Впереди – она это ясно видела теперь – широко, по-хозяйски ставя обутые в чёсанки ножищи, ломился её (ой, ли?) Кузьма, сам-один и какой-то разобалдевший, чумной до невероятия – таким она его раньше не знавала. Отчаянное, ухарское и вместе досадливое, хуже – затравленное сквозило во взглядах, которые он поминутно бросал по сторонам. Читалось Тамаре: опростоволосился ведь и ка-ак! Надо было случиться такому!.. Не сумел тайну заманную от сторонних ушей и глаз схоронить…

А дело в том было, что незадолго до дня сего… предрокового в нехоженых дебрях таёжных, где в скрадке сиживал, селезниху ль выцеливая, по другим каким охотничьим надобностям, чудом-случаем неслыханным, образом невиданным знашёл-обнаружил Кузьма самый на свете белом дорогой крушец, быть может, одну-единственную под луной прямо наружу из земли бьющую вперемежку с самородками бессчётными меснику. И это в заболотистых в целом краях! Диво дивное! Пласт тот, по всему судя, (глаз у Кузьмы намётанный, зря, что ли, с приисковыми дружил-якшался!) необъятных размеров был, отливал далече-обок жилами цветно-мутными и на месте том, как водится, ничегошеньки почти не произрастало.
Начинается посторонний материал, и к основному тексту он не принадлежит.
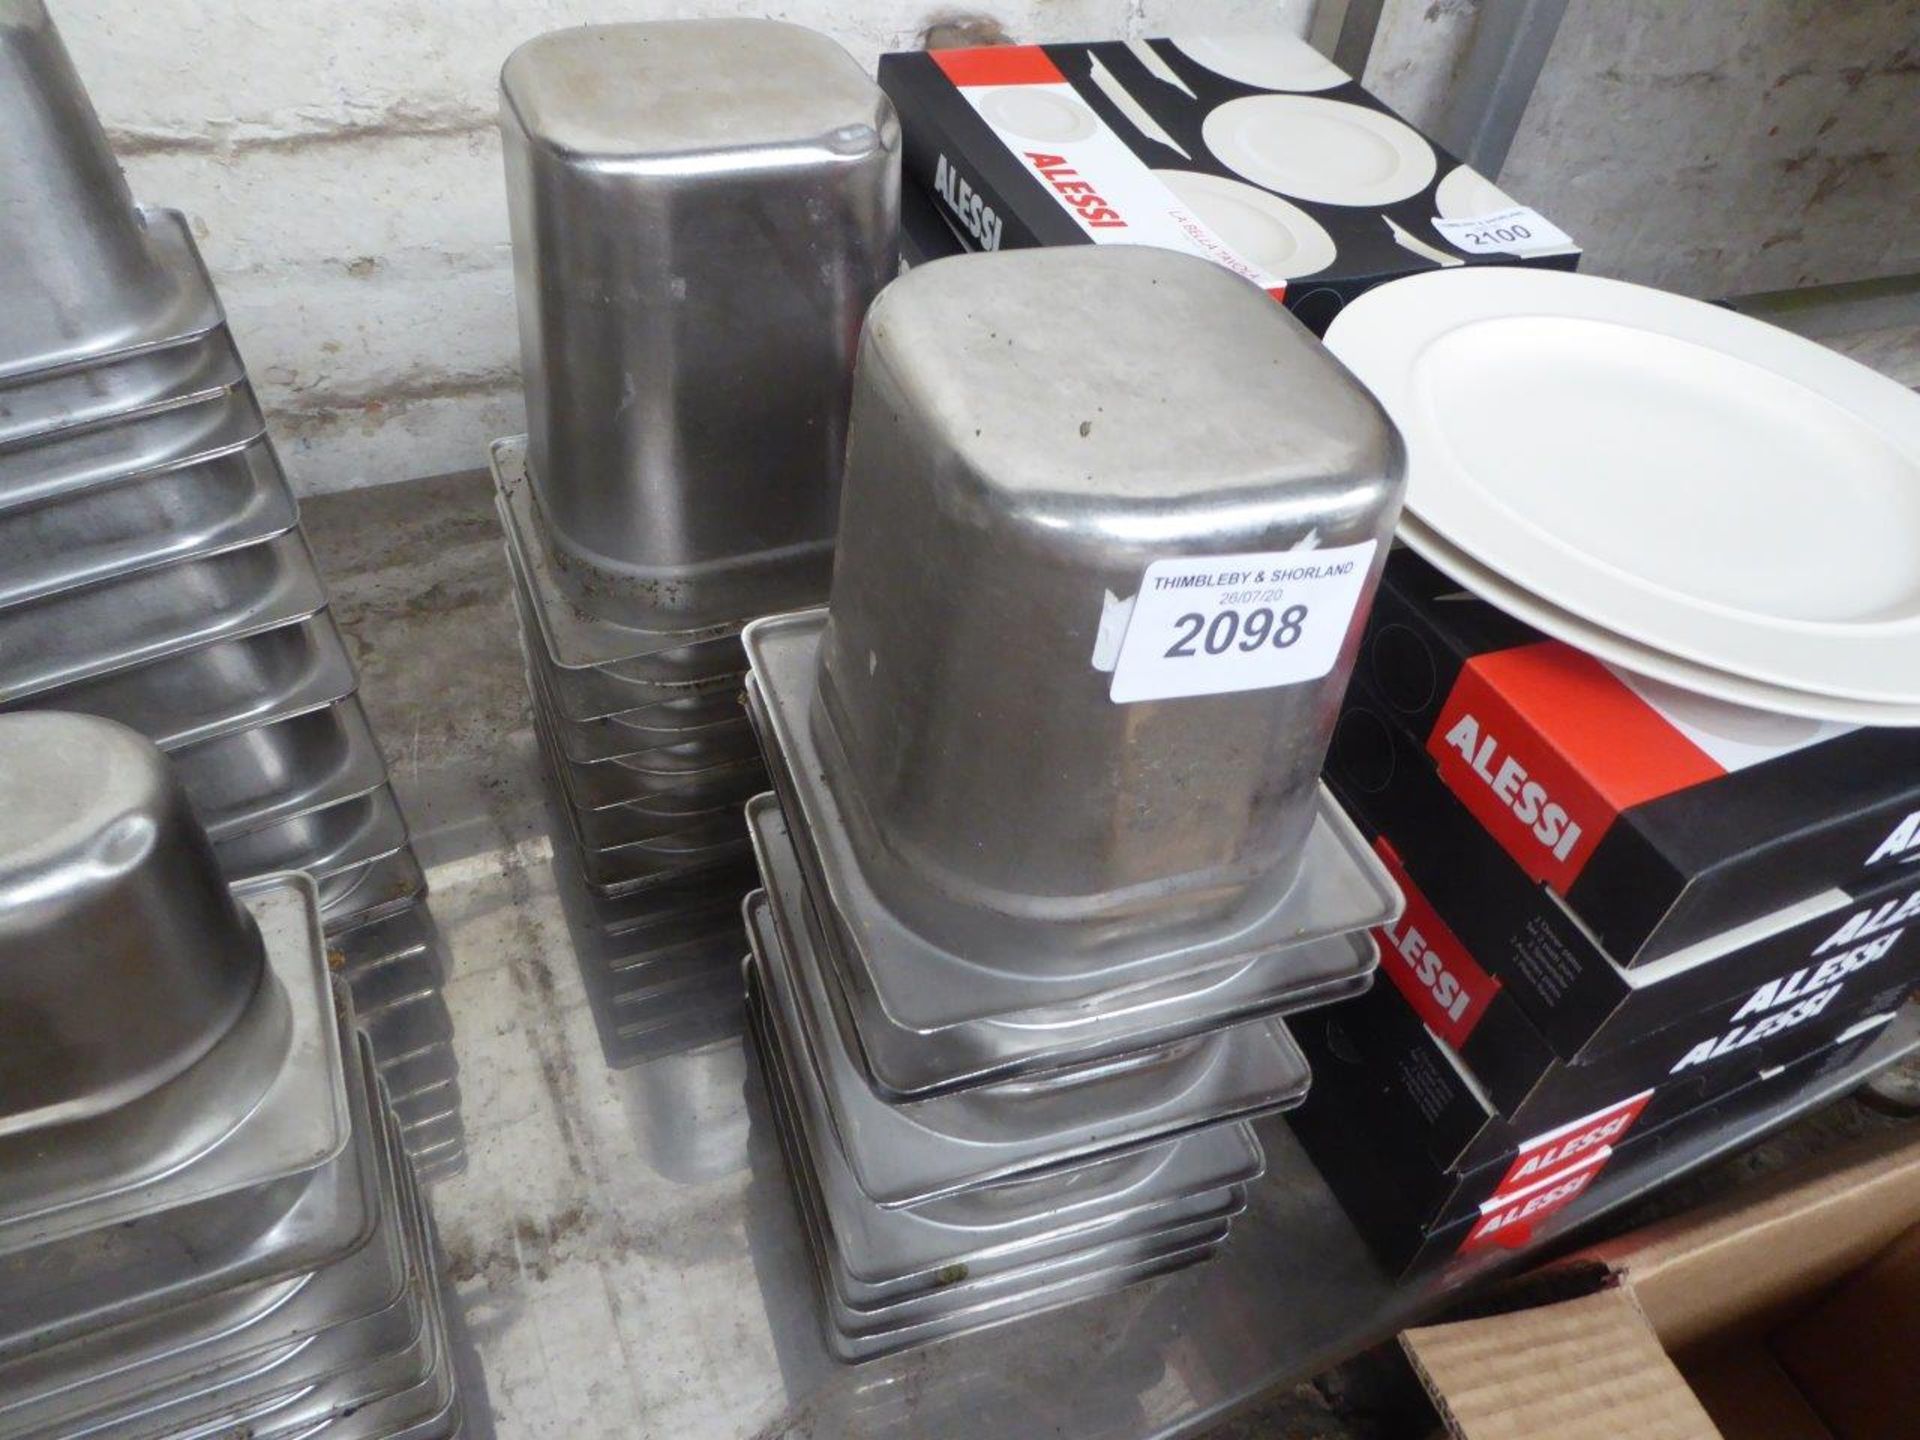 15 stainless steel gastronome pots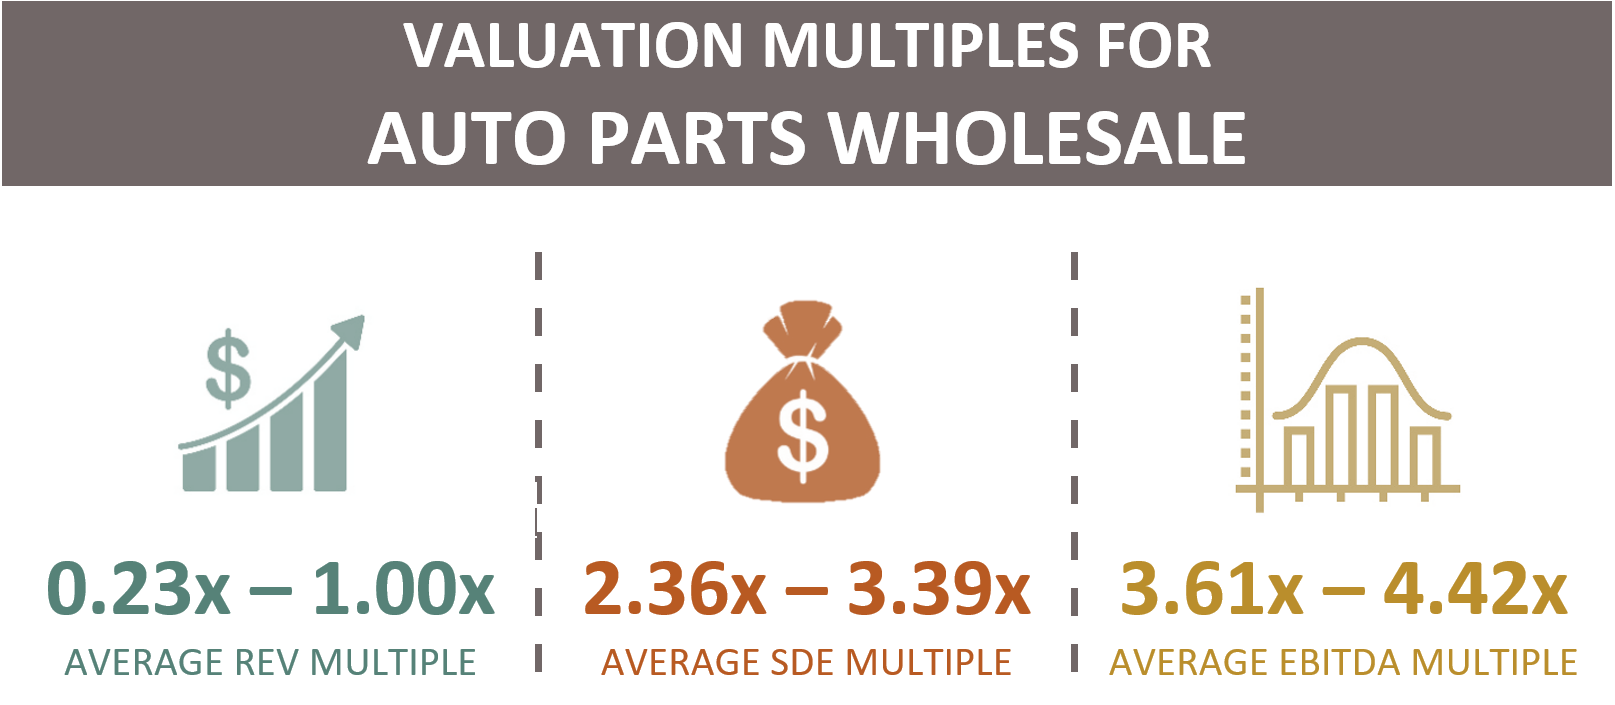 Valuation Multiples For Auto Parts Wholesaling

Самое же изумительное: почему до него, до Кузьмы, сезам сей сказочный никто не отворил? Век живи – век вопросы ставь и восклицания.

Ещё же раньше в очередной раз к Аникиной пристал с ухаживаниями незатейливыми, а та – шлея, что ли, под хвост попала?! – возьми да брякни:

– Ж-женишок! Гол, как сокол, а туды ж мне…

Обиделся не на шутку тогда Кузя наш. Словом, одно к другому вышло всё. И вот теперь, нынче, в этот день вруцелётный, такой спозаранку пригожий, решил вновь к Марьюшке податься, счастьице наведать, попытать счастья-то! Глядишь, и подфартит. В амурных, правда, напевах не шибко искусен был, одначе и падать в грязь лицом не собирался – орлом глядеть станет, проболтаться не проболтается и от своего не отступит. Линию мужицкую-молодецкую справно гнул и впредь гнуть думку держал. Но когда от ворот поворотом запахло, проговорился, не сумел вовремя язычок прикусить. Она, Марьюшка, даже бровью не повела – эк, мол, тебя разобрало с кладовой злата несметного, ну-ну, завирай дальше! Тут бы Кузьме и остановить словесный поток бурный, ан, нет! Равнодушие, безразличие, а главное – неверие девушки зацепило не на шутку. Попытался было не обращать на них внимания – характер не позволил. И тогда выпалил в сердцах:

– Его тама тьма тьмущая! Ага-а! Валом под ногами! Бери не хочу! Показать могу.

Размахивая лапищами, задыхаясь, слюной брызжа, разве что не заикаясь, горячо, сбивчиво зашептал Марье об открытии потрясительном, умопомрачительном своём. Последняя слушала с большим сумнительством и даже разочарованием. Головой не качала, но размышляла примерно так: «Мели, Емеля, твоя неделя… Бредовые вести да будущей невесте… Видать, и впрямь тебе, Неверии, ни на грош веры… Да ты уж часом не того… Не зря парни наши не дюже с тобой водятся – здравствуй и прощевай покудаво!!.. Пожалуй, и мне, красавице писаной, не след спешить с замужеством, а то ненароком и ошибиться могу на всю жизнь!..» А может, и не думала она такое, зачем зря напраслину на человека возводить?

Он же тем временем разорялся:

– Куча цельная, да что куча?! Тыщи куч, кучищ тыщи!! Насколько глаз хватат… Бери не хочу! Иди за меня. Не прогадашь ведь! Всласть заживём! Да я… да мы… таперича… токмо б честь по чести вышло всё…

Рисовал картины их будущей совместной жизни, уносился в мечтах от сегодняшней яви, грезил, грезил, а она, «Марьюшка» свет Аникина, в ответ серчала желчно, чем-то нехорошим, язвительным наливалась, наливалась, вдруг как оттолкнёт зло ухажёра, да как выпалит:

– Тебе поверь!

Сказала – отшила.

– Вот те хрест!!

Побожился истово.

– Да ну-у?! Слышь, ма!

На взглас дочерин в сенцы вышла тихая, с лицом измочаленным женщина:

– Чево тут сумерничаете? Идить внутрь.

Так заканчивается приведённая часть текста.